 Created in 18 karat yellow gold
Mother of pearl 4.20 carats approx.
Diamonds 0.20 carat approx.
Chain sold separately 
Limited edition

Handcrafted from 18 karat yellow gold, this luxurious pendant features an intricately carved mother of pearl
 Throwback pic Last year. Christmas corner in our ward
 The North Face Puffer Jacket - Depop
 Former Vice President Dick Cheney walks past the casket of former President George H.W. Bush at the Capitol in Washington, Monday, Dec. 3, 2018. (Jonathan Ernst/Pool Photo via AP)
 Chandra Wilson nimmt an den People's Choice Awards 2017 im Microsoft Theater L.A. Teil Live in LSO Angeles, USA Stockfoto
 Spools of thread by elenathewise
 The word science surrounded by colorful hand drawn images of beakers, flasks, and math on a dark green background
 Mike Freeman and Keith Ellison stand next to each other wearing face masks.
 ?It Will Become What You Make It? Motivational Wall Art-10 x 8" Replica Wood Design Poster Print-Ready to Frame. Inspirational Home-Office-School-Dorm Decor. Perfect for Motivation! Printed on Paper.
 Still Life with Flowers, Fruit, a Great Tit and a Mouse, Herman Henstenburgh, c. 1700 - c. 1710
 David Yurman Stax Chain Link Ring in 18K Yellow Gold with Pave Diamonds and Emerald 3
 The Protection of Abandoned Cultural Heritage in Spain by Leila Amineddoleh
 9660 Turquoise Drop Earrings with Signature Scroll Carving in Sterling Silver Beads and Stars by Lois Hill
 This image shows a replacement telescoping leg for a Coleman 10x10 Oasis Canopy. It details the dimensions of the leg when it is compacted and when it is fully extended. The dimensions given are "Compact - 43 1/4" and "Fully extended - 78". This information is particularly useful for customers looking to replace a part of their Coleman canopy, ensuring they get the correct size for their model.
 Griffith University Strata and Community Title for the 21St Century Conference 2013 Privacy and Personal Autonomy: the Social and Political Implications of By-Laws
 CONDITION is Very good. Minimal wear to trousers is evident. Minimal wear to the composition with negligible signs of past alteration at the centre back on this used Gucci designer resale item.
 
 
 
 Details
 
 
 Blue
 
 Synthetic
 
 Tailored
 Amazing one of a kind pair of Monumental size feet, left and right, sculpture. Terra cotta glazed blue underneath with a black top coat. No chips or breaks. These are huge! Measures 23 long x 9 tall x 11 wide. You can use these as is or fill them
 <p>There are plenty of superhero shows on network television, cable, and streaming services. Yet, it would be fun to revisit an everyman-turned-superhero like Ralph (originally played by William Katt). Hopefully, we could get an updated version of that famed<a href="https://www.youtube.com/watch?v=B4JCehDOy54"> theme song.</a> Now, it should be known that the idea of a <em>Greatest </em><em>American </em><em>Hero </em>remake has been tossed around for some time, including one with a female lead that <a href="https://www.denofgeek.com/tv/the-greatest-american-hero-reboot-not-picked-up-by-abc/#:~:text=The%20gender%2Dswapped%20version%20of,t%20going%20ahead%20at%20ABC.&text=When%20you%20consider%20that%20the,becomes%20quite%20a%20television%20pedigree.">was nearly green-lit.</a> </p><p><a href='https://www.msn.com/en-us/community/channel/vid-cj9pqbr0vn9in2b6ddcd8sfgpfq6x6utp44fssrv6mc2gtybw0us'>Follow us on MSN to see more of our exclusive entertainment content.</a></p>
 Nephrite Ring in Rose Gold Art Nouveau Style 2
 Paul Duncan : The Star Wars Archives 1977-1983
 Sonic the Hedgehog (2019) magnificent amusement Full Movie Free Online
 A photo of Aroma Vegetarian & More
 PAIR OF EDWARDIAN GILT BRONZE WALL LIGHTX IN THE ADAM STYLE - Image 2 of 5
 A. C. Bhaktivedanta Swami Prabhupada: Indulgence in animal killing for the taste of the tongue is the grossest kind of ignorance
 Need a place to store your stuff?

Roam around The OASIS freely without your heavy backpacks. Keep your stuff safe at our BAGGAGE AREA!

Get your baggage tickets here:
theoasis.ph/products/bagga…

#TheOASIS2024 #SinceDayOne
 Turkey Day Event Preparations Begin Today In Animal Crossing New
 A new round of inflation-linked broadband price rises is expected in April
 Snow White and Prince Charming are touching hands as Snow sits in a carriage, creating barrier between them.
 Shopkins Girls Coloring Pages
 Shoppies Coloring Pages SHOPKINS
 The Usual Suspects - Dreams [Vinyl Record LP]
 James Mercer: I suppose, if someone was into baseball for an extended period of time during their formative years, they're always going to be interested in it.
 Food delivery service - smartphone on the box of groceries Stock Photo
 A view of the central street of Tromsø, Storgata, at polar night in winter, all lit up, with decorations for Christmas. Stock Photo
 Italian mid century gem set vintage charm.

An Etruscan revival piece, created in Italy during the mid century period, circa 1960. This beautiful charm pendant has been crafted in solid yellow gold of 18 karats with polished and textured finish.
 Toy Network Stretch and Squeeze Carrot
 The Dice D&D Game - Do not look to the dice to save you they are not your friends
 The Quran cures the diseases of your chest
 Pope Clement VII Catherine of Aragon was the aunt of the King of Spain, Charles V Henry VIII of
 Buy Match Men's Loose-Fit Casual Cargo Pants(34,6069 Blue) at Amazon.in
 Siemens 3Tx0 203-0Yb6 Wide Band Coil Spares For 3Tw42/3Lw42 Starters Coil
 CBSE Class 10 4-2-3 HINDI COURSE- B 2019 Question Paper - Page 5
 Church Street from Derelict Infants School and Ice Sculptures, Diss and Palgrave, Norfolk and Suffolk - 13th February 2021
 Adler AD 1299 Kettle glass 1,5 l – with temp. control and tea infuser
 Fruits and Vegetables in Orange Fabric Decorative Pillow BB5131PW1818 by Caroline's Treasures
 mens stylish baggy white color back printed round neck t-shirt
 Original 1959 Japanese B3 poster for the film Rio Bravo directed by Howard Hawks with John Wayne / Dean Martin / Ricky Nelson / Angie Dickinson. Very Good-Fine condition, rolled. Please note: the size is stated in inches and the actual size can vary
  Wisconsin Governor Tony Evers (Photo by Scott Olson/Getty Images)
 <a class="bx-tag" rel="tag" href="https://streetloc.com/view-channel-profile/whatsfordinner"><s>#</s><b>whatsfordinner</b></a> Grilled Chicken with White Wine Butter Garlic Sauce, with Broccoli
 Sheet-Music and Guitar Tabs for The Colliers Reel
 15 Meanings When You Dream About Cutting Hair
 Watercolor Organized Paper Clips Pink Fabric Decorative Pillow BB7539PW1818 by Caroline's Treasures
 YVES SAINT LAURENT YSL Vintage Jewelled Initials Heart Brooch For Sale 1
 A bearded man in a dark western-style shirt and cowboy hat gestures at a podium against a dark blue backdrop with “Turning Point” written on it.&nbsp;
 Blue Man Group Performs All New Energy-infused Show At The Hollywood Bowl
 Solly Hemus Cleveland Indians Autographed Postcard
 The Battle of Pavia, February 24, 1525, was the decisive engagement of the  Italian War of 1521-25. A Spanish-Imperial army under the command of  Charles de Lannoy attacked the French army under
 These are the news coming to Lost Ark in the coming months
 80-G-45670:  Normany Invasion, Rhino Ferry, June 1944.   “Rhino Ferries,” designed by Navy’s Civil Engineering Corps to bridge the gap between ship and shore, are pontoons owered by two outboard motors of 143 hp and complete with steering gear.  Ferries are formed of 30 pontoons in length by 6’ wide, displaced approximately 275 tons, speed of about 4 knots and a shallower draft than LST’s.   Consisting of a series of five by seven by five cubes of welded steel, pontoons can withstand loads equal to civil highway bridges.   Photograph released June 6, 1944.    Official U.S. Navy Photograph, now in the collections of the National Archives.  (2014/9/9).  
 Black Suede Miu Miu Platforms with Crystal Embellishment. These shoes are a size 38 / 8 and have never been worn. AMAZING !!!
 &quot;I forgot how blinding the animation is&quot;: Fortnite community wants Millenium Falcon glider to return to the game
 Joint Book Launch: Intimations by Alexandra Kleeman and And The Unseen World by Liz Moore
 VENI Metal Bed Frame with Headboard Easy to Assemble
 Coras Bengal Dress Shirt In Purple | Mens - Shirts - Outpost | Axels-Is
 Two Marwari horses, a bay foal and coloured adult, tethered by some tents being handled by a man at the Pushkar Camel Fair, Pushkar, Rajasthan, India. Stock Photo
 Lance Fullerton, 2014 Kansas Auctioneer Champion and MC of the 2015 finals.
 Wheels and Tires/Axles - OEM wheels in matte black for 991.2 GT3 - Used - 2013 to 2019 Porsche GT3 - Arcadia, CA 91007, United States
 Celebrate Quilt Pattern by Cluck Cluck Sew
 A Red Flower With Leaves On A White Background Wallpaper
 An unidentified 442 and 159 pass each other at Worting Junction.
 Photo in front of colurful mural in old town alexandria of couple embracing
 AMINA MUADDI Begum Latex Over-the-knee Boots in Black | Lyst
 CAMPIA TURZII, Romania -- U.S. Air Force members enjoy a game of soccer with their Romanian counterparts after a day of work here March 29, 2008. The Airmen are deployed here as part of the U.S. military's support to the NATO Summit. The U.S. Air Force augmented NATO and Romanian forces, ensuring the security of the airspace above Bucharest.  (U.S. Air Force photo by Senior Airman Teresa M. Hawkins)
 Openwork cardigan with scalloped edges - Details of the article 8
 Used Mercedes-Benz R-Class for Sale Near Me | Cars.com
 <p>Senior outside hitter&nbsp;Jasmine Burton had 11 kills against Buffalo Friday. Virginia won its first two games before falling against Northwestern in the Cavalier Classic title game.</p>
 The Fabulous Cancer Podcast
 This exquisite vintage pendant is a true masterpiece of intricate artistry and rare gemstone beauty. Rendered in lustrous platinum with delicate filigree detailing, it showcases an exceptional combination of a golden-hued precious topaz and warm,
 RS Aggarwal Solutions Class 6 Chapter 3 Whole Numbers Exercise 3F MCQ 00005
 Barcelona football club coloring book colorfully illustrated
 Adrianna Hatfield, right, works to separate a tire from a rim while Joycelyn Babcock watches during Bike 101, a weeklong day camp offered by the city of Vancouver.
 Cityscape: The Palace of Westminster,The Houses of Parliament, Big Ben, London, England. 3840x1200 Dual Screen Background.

* **What is needed**:
The expected answer is every line in the data above that carries the string "nbsp".

* **Answer box**:
 A bearded man in a dark western-style shirt and cowboy hat gestures at a podium against a dark blue backdrop with “Turning Point” written on it.&nbsp;
 <p>Senior outside hitter&nbsp;Jasmine Burton had 11 kills against Buffalo Friday. Virginia won its first two games before falling against Northwestern in the Cavalier Classic title game.</p>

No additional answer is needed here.